Wollte mal fragen, da es ja bekannt ist das Minecraft selbst auf höllenmaschinen nicht ganz sauber läuft, wieso Mojang nicht das Spiel einmal neu Programiert mit einer neuen Engine anstatt mit java. Notch hat doch selber mal gesagt das er Mc relativ schnell und und unsauber geschrieben hat. 

An den finaziellen mitteln sollte es ja nicht liegen oder ? 

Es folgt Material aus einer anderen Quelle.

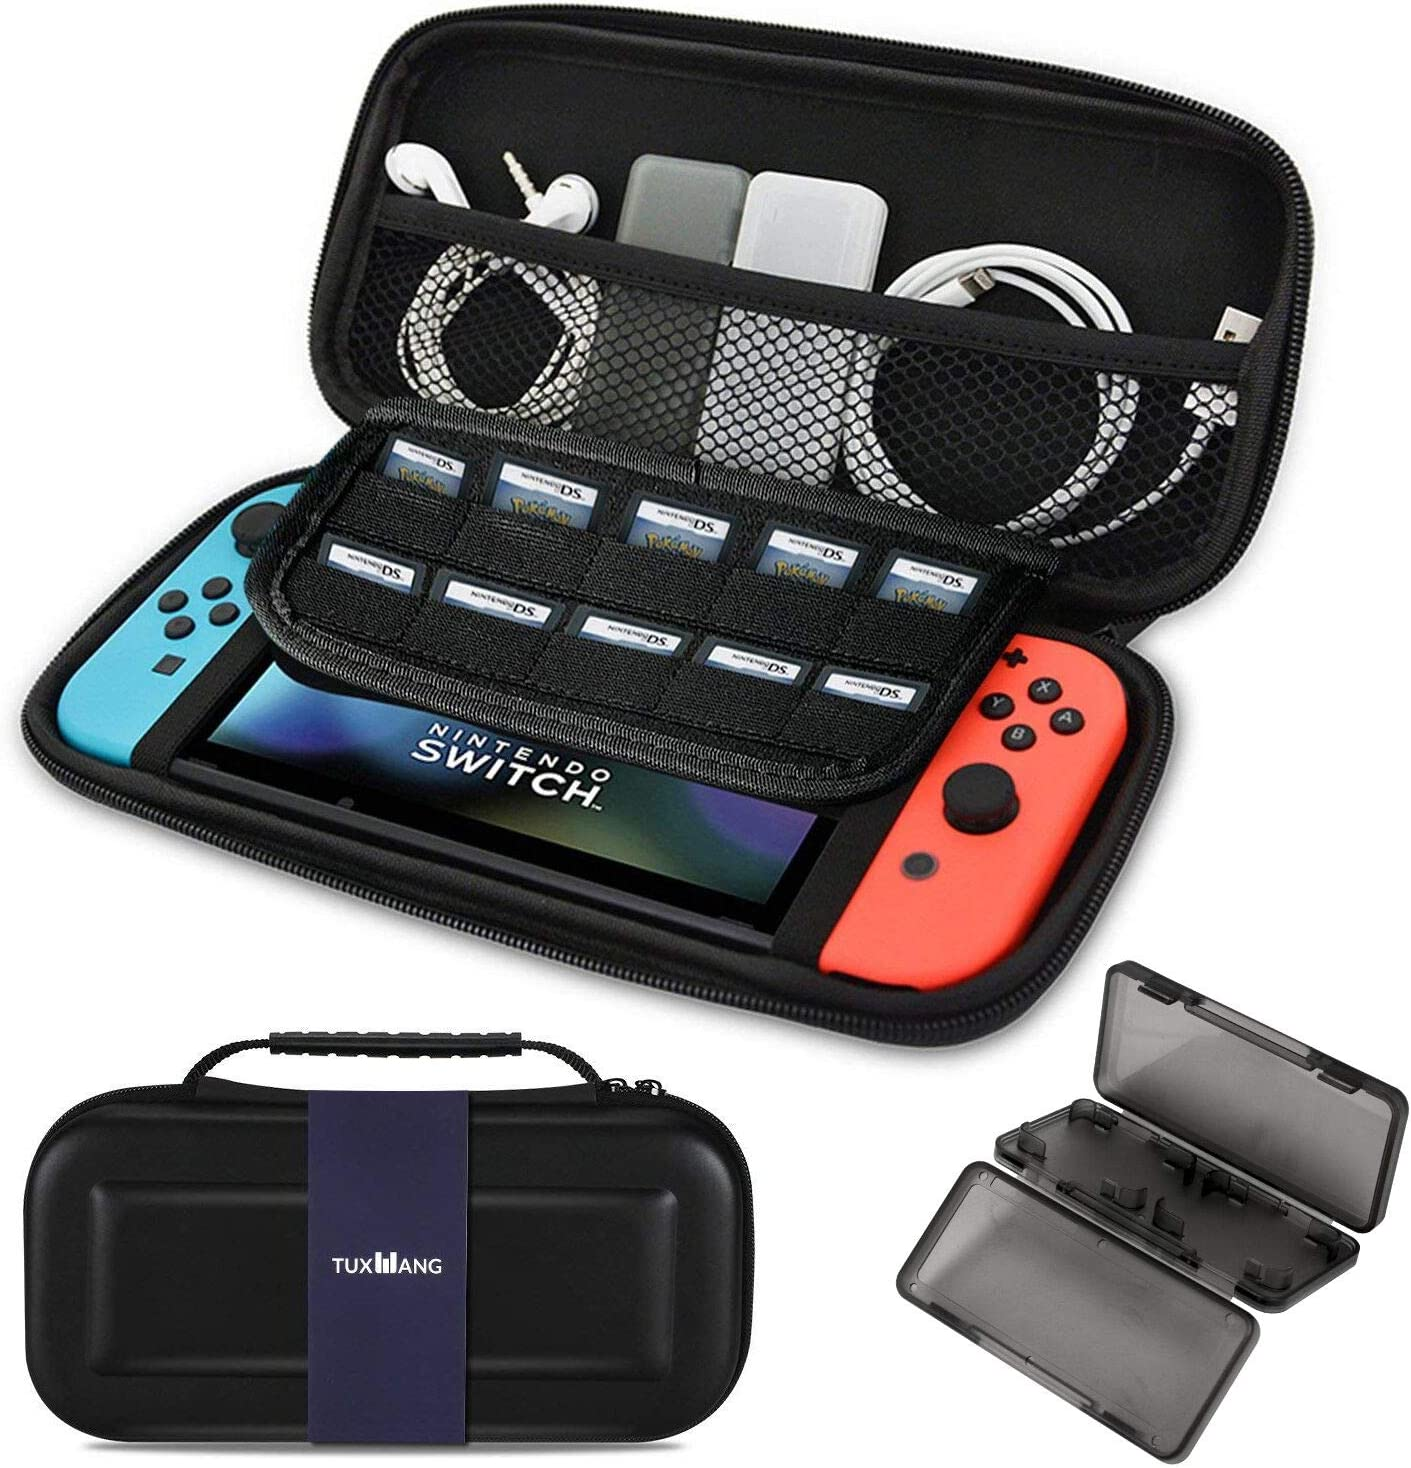 Cubierta para Nintendo Switch - Estuche portátil TUXWANG EVA con Banda elástica Plegable.Adecuado para Cassettes de Juegos y Otros Accesorios de Cambio de Nintendo: Amazon.es: Videojuegos
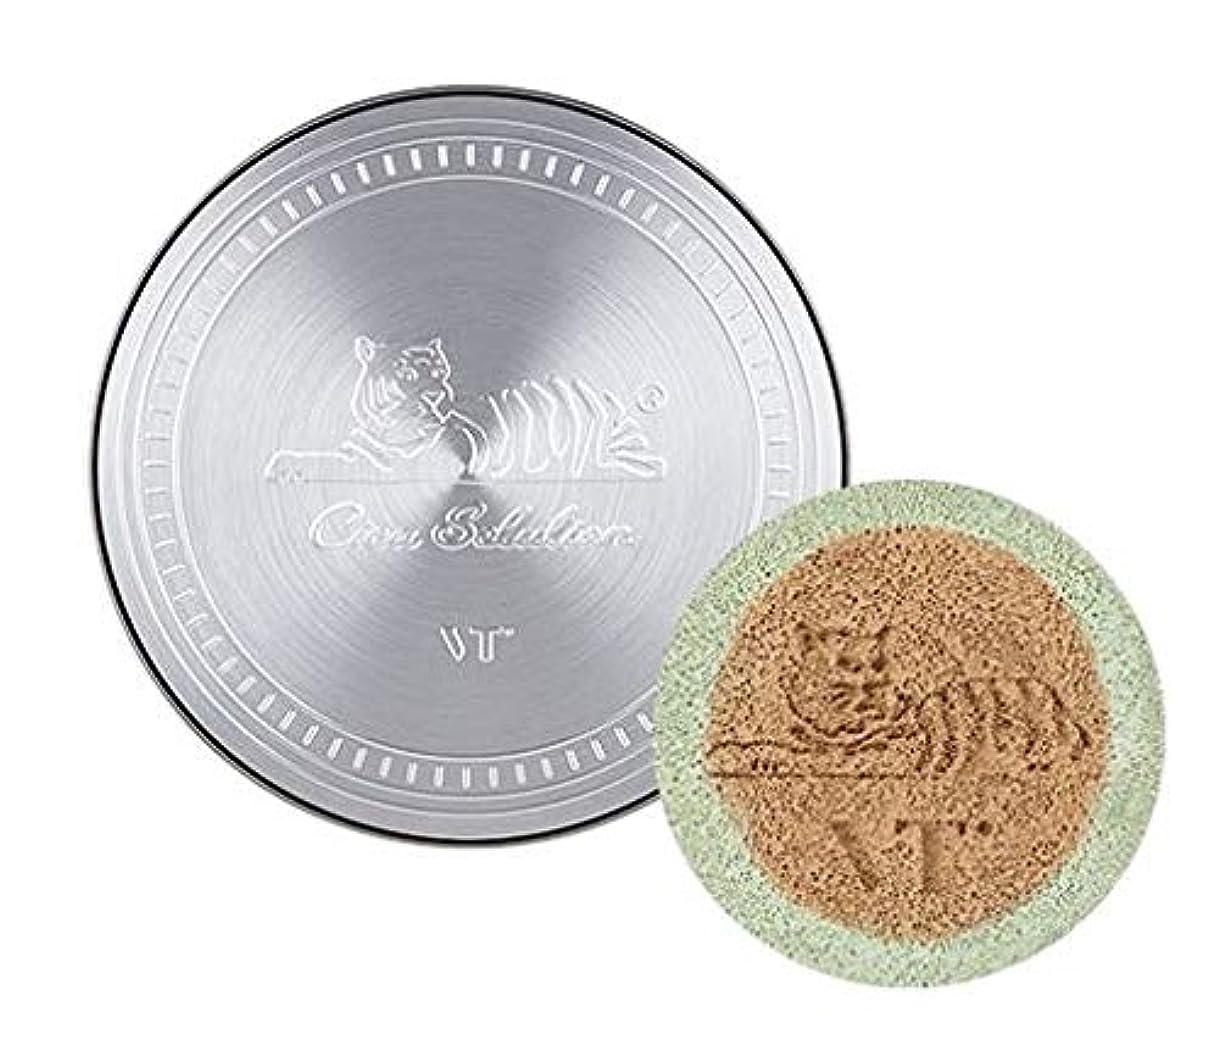 マット現実儀式VT Cica Redness Cover Cushion /ドネスカバークッション本品14g+リフィル14g(#21号ライトベージュ) [並行輸入品]

Also kennt jemand einen Grund wieso das kein Thema zu sein scheint ? 

Lg Jonas


----------



## Maggolos (29. März 2013)

Weil MC auf fast jedem Rechner läuft, ABER !:

- Wenn man tausende Grafikmods drin hat
- Java unsauber installiert ist
- Man zu viel erkundet (sind so circa 1000Stunden Laufen)

dann ruckelt es.


----------



## Leandros (29. März 2013)

Java ist gar nicht mal langsam. Alle denken das nur. Java ist durch die VM, in den Ausführungszeiten sehr schnell, klar, nicht unbedingt gleich auf mit Cpp aber nahe dran.
Minecraft laggt, weil es unsauber Programmiert worden ist, nicht weil Java zu "langsam" ist.


----------



## Laudian (29. März 2013)

Das Minecraft ziemlich verschwenderisch mit Rechenleistung umgeht, ist ja allgemein bekannt. Dafür läuft es fast völlig unabhängig vom System auf dem es ausgeführt wird, und dementsprechend sind keine Optimierungen nötig / möglich.
Außerdem kann (Java-)Minecraft recht leicht gemoddet werden, was effizienteren Sprachen nicht unbedingt der Fall wäre. Da müsste der Entwickler dann eine Addon Schnittstelle zur Verfügung stellen.


----------



## Memphys (30. März 2013)

Laudian schrieb:


> Das Minecraft ziemlich verschwenderisch mit Rechenleistung umgeht, ist ja allgemein bekannt. Dafür läuft es fast völlig unabhängig vom System auf dem es ausgeführt wird, und dementsprechend sind keine Optimierungen nötig / möglich.
> Außerdem kann (Java-)Minecraft recht leicht gemoddet werden, was effizienteren Sprachen nicht unbedingt der Fall wäre. Da müsste der Entwickler dann eine Addon Schnittstelle zur Verfügung stellen.


 
Wo wir beim Thema sind, damit scheint Mojang ja massive Probleme zu haben. Die wollten sie eigentlich schon lange fertig haben.


----------